▶ TRY IT
The output should be every line below, retyped exactly, with no images.

▶ DATA SHOWN
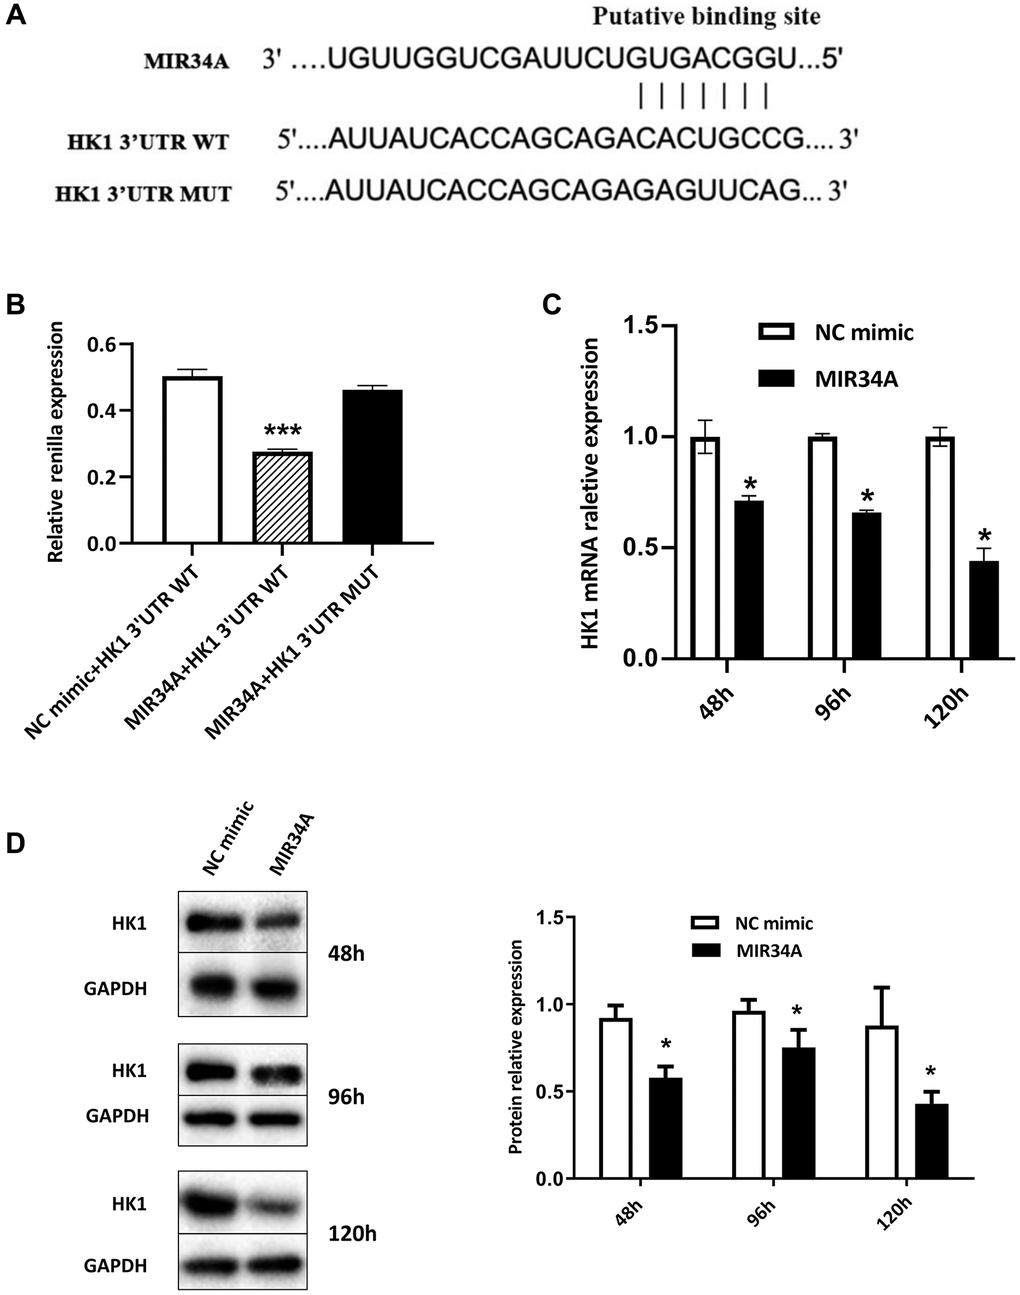 MIR34A directly targets and represses the expression of HK1. (A) A Bioinformatics-based target analysis showed that HK1 is a potential target of MIR34A. (B) The 293T cells were transfected with MIR34A and HK1 3’UTR WT co-transfected into 293T cells. Luciferase reporter assay showed that the luciferase activity of HK1 3′UTR-WT significantly decreased with MIR34A mimic transfection, compared to that of the NC mimic or HK1 3′UTR-mutant group. (C) RT-qPCR analysis was performed to detect the expression of HK1 after MIR34A mimics were transfected into SRA01/04 cells at 48 h, 96 h, and 120 h. (D) SRA01/04 cells were performed as C, and the expression of HK1 was detected by western blot. *P ***P 
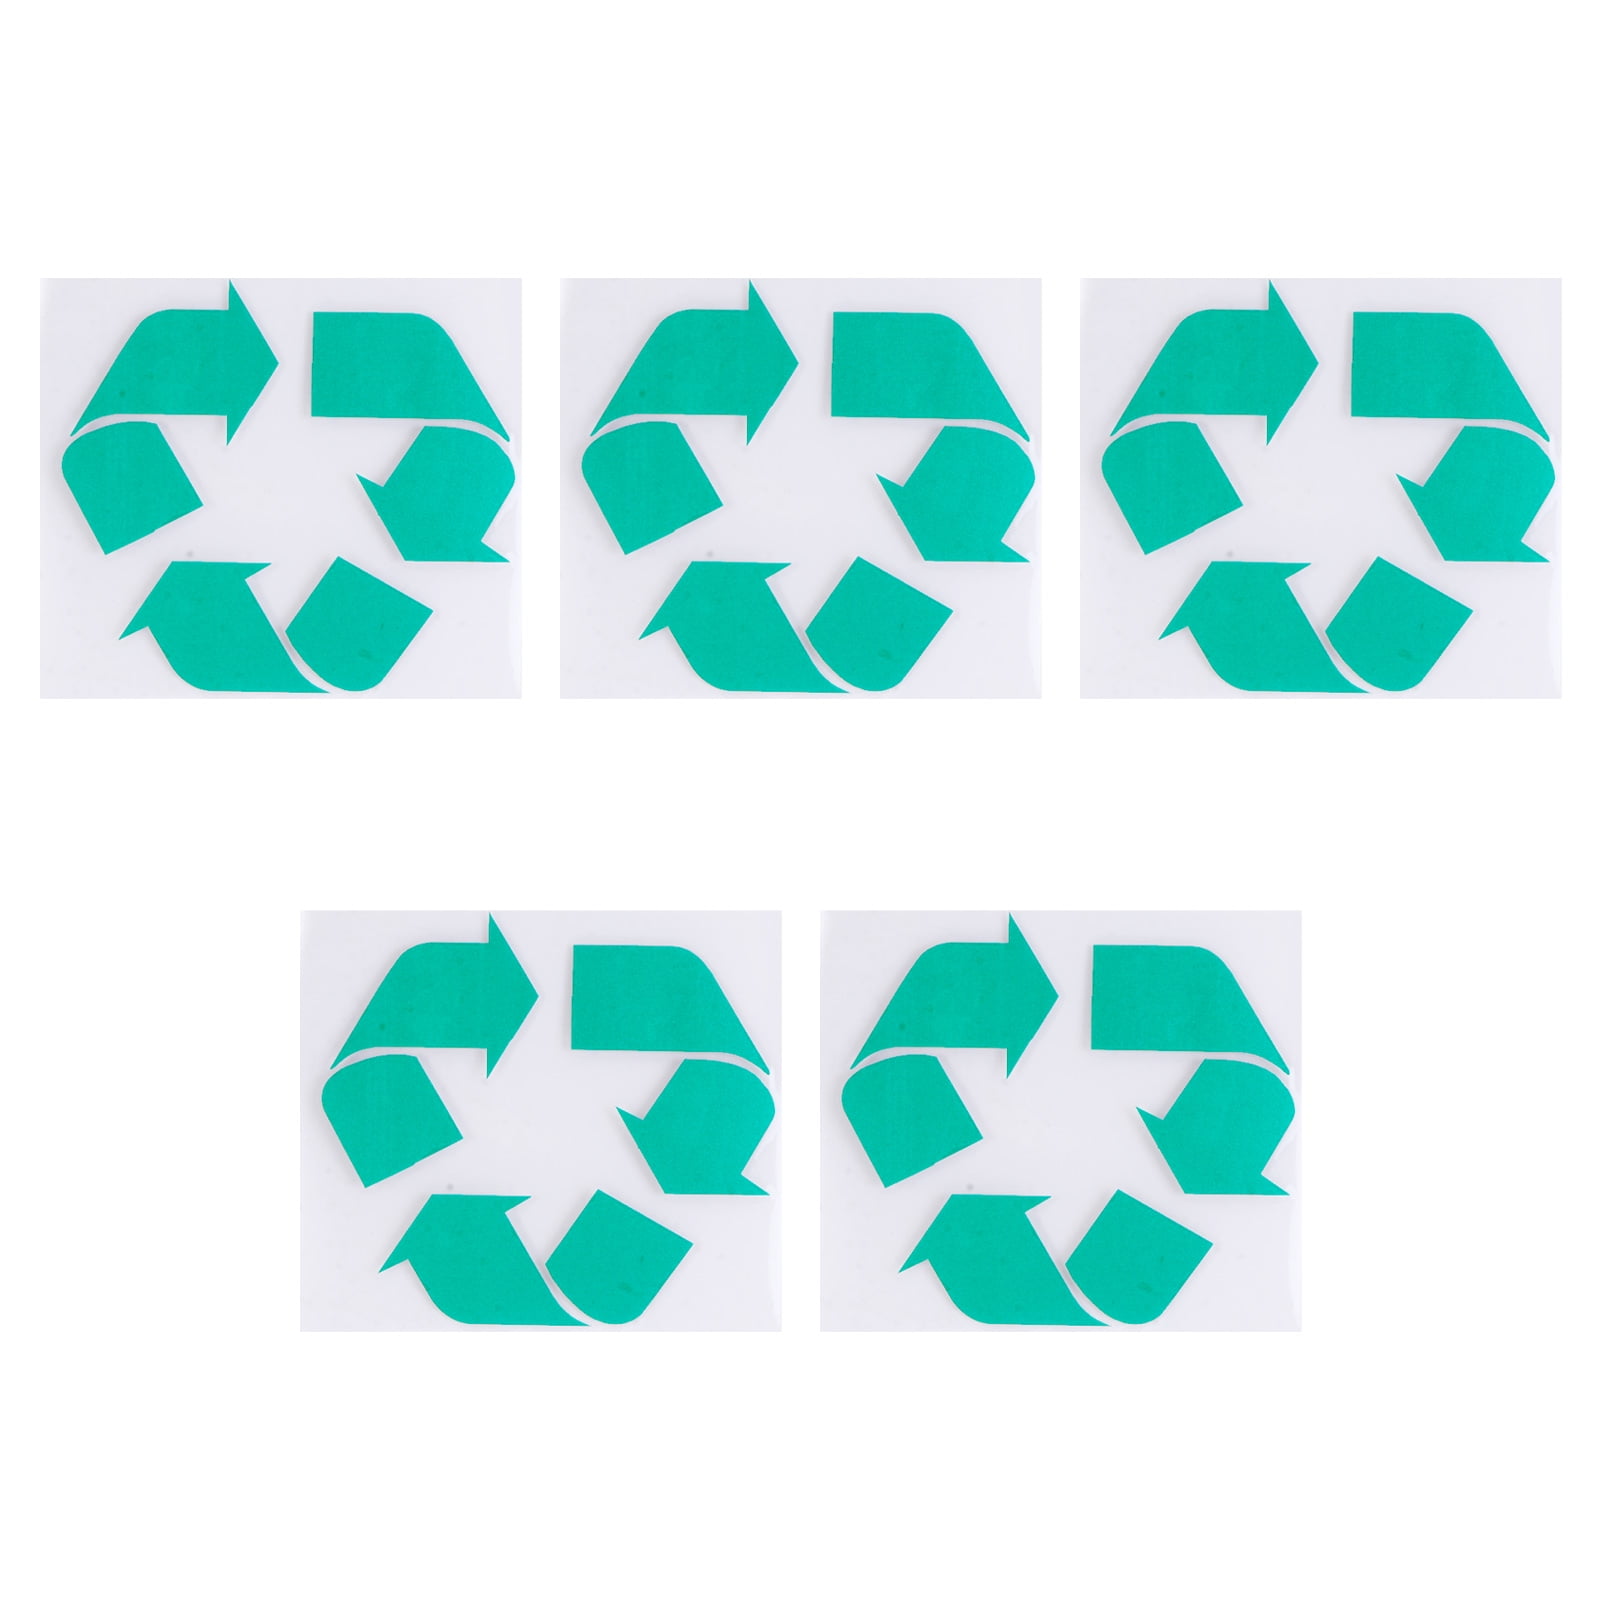 to Organize Trash cans or Garbage containers and Walls -Countour Cut Small White Sticker 5in x 5in 2 Pack Recycle Symbol Sticker Decal 
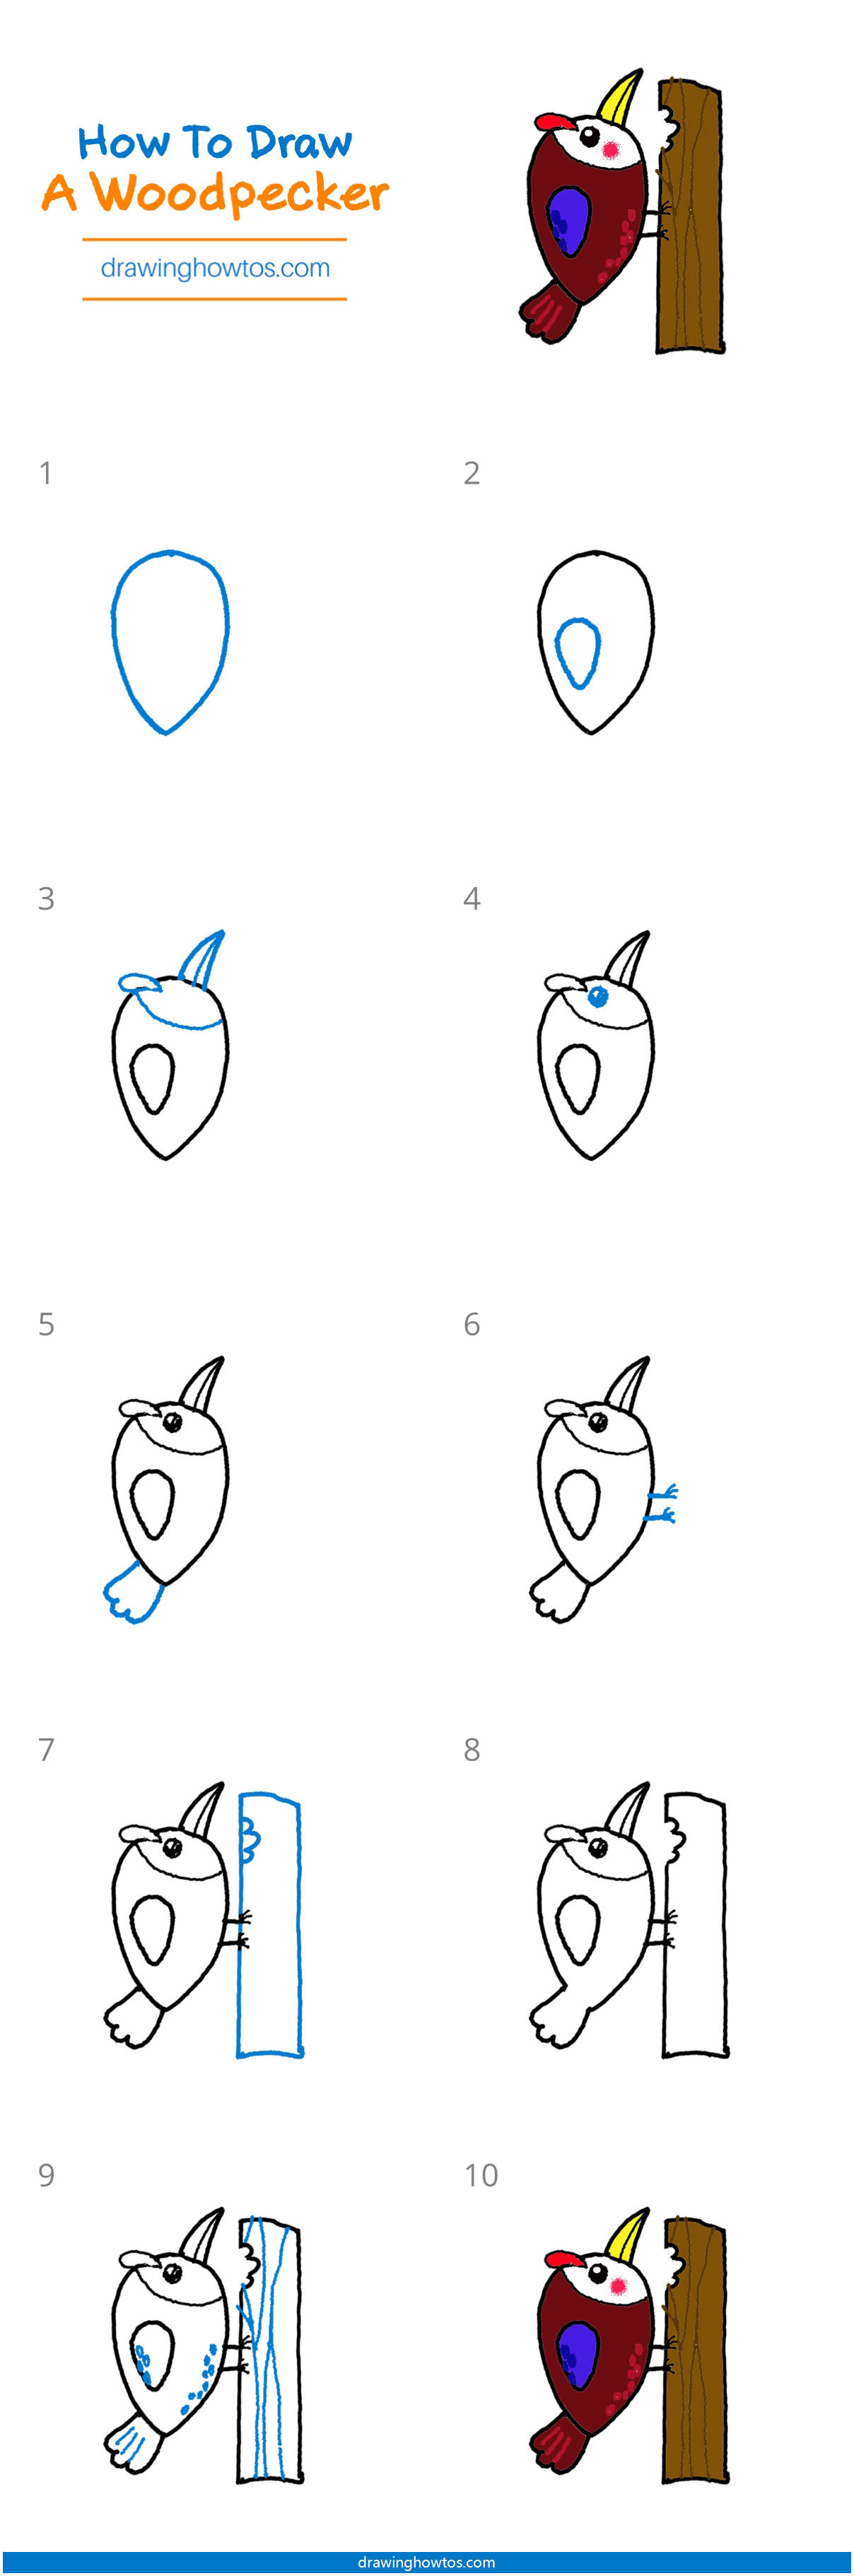 How to Draw a Woodpecker Step by Step

▶ REPLY TO THE TASK
 MIR34A directly targets and represses the expression of HK1. (A) A Bioinformatics-based target analysis showed that HK1 is a potential target of MIR34A. (B) The 293T cells were transfected with MIR34A and HK1 3’UTR WT co-transfected into 293T cells. Luciferase reporter assay showed that the luciferase activity of HK1 3′UTR-WT significantly decreased with MIR34A mimic transfection, compared to that of the NC mimic or HK1 3′UTR-mutant group. (C) RT-qPCR analysis was performed to detect the expression of HK1 after MIR34A mimics were transfected into SRA01/04 cells at 48 h, 96 h, and 120 h. (D) SRA01/04 cells were performed as C, and the expression of HK1 was detected by western blot. *P ***P 
 to Organize Trash cans or Garbage containers and Walls -Countour Cut Small White Sticker 5in x 5in 2 Pack Recycle Symbol Sticker Decal 
 How to Draw a Woodpecker Step by Step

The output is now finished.